Tam böyle bir devrede, iki yıl sürecek askere gitmem, benîm için değil, ama Türk film dünyası için büyük bir kayıptır. Ama, bu yaz, hayatımın yeni bir dönemine girecek ve askere kendim müracaat edip gidecektim. Askerlik borcumu, çok kişiden iyi bilirim. Ben, beni yetiştirenlere borçlu kalmam. Buradaki film biter bitmez Sivas'a gideceğim. Askerliğim orada başlayacak. Nebahat mi? Zaten Taksim'deki evi boşaltmıştık. O İstanbul'a gider gitmez bir ev satın alacak. Oraya yerleşecek. Artık kira evlerinde yaşamaya paydos... Adana'da iki - üç ay kalıp birkaç film yapacaktım. Ama, birinci filmi bitirince ben askere, Nebahat İstanbul'a gidecek. Annemle birlikte oturacak.»

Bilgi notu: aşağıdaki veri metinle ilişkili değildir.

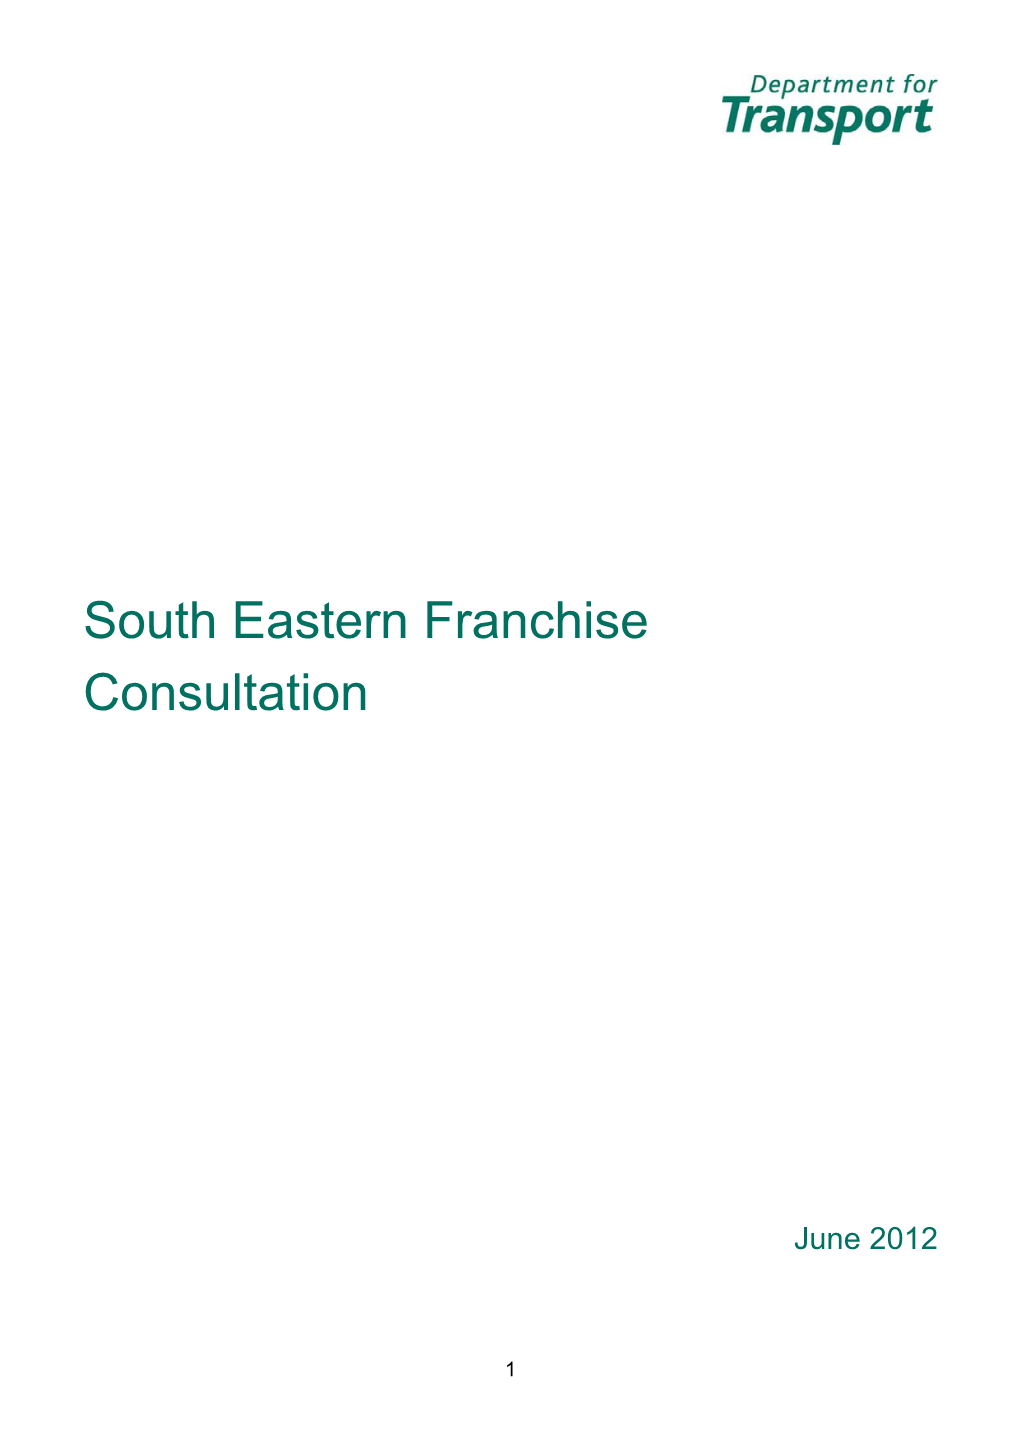 South Eastern Franchise Consultation

Yılmaz Güney, bize bunları anlattıktan sonra kameranın başına döndü:
- «Kusura bakmayın, filmi çabuk bitirmek şart oldu» dedi. «Pire Nuri» filminin baş oyuncusu, senaristi, rejisörü ve prodüktörü olan Yılmaz Güney, filmde gene kötüleri cezalandıran bir halk kahramanı rolünü oynuyor. Gene eline tabanca alıyor; bıçaklı, tabancalı hırsızları, katilleri, kötü adamları öldürüyor. Karataş Plajında böyle bir sahne çektikten sonra şehre döndüler. Gece yarısından sonra, saat 3'te İstanbul Pavyonu önünde çalışırken, film setinde sahici bir kavga çıktı. Filmin çekimini seyre gelenlerle film işçileri arasında bıçaklı, yumruklu kavgayı filme çekemediler. Ama, İstanbul'dan gelen filmcilerden Cumali Leventoğlu ile Fethi Türksever, bıçakla yaralı olarak hastaneye kaldırıldılar! Polis olaya el koydu, ama elebaşıları bulamadı. Davacı olarak Yılmaz Güney ve arkadaşlarının ifadesini aldı.

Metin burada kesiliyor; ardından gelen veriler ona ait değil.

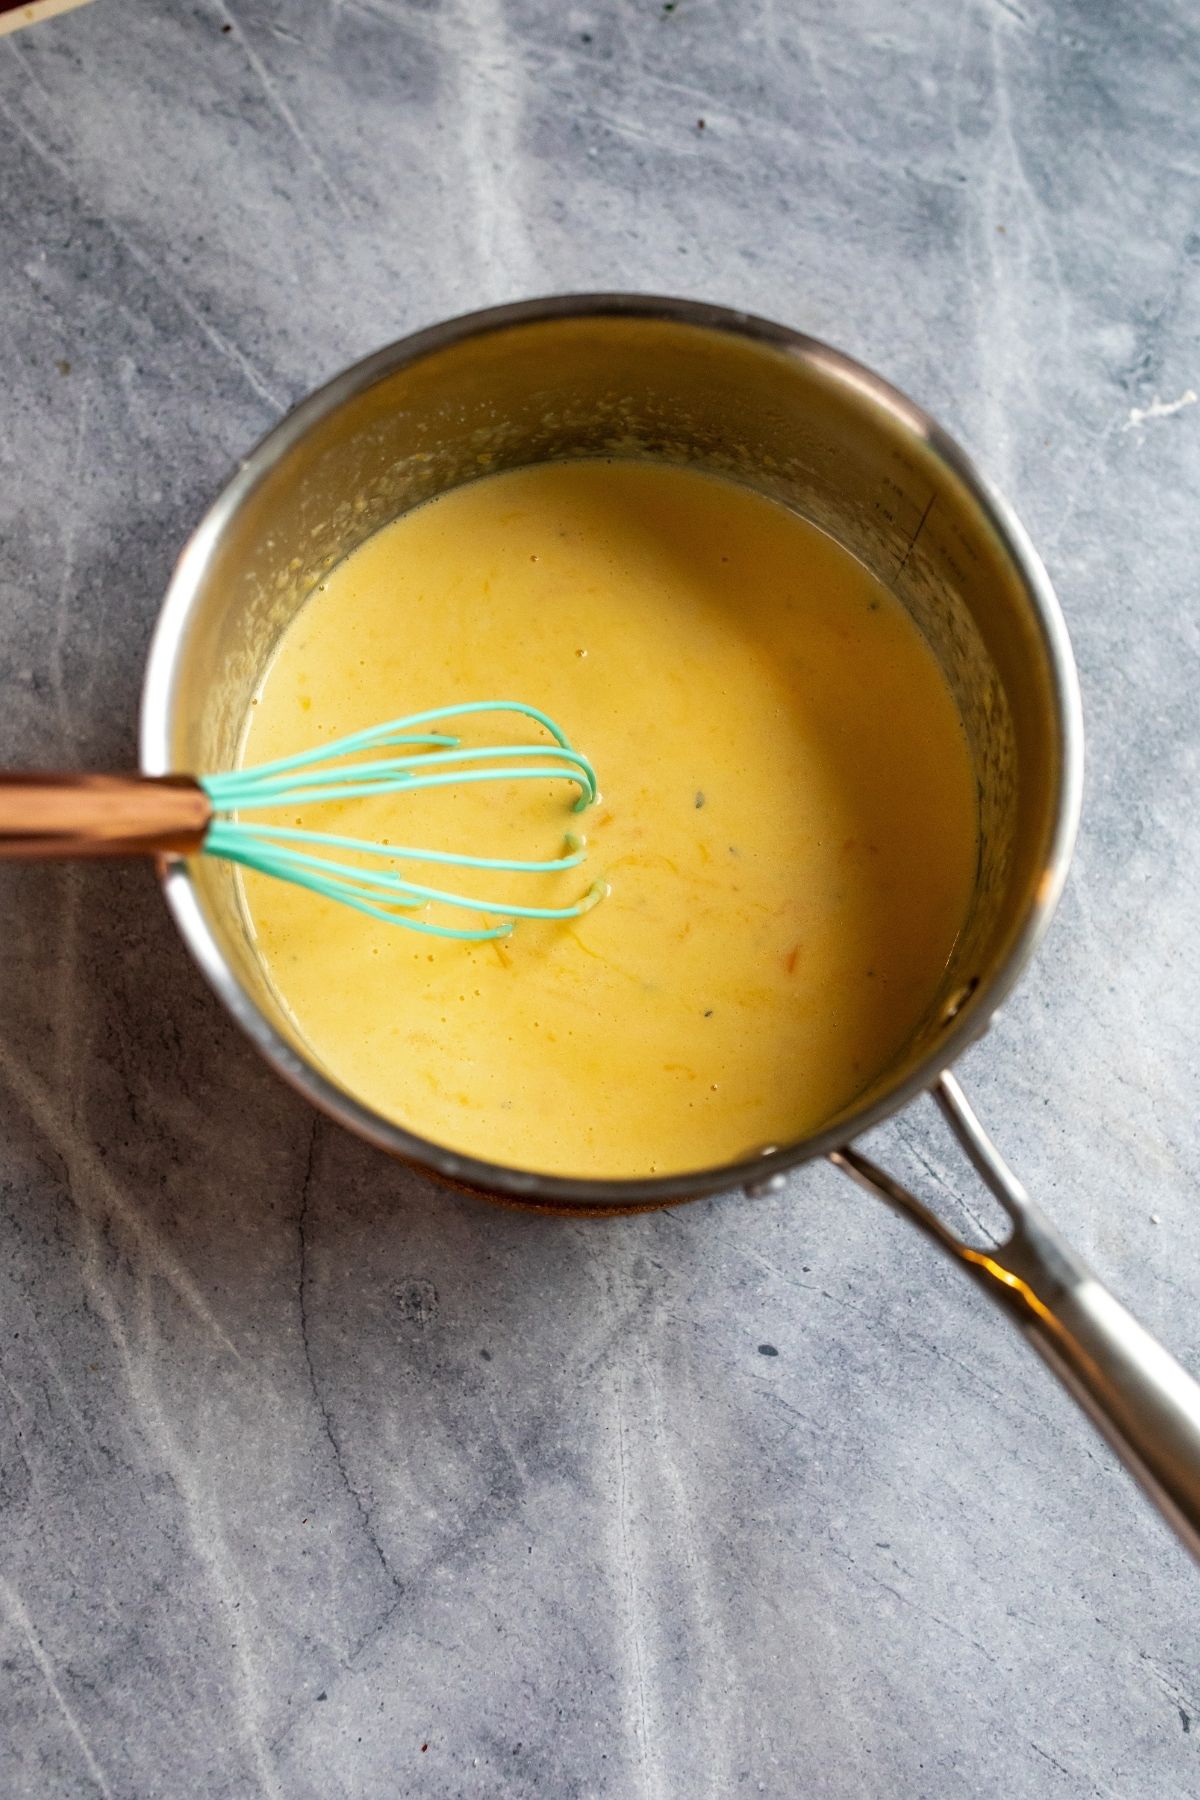 Stainless Steel pot with melted cheese sauce in it and whisk.

17 ocak çarşamba günü Merkez Komutanlığı'na tutuklanıp getirilen Yılmaz Güney, şubat ayı girdiği halde burada çalışıyor. Bir an önce filmini tamamlamaya çalışıyor.
Sözün kısası, Yılmaz Güney'in sinema hayatında eski defter kapandı ve yeni bir defter — yazılmak üzere — açıldı, açıldı.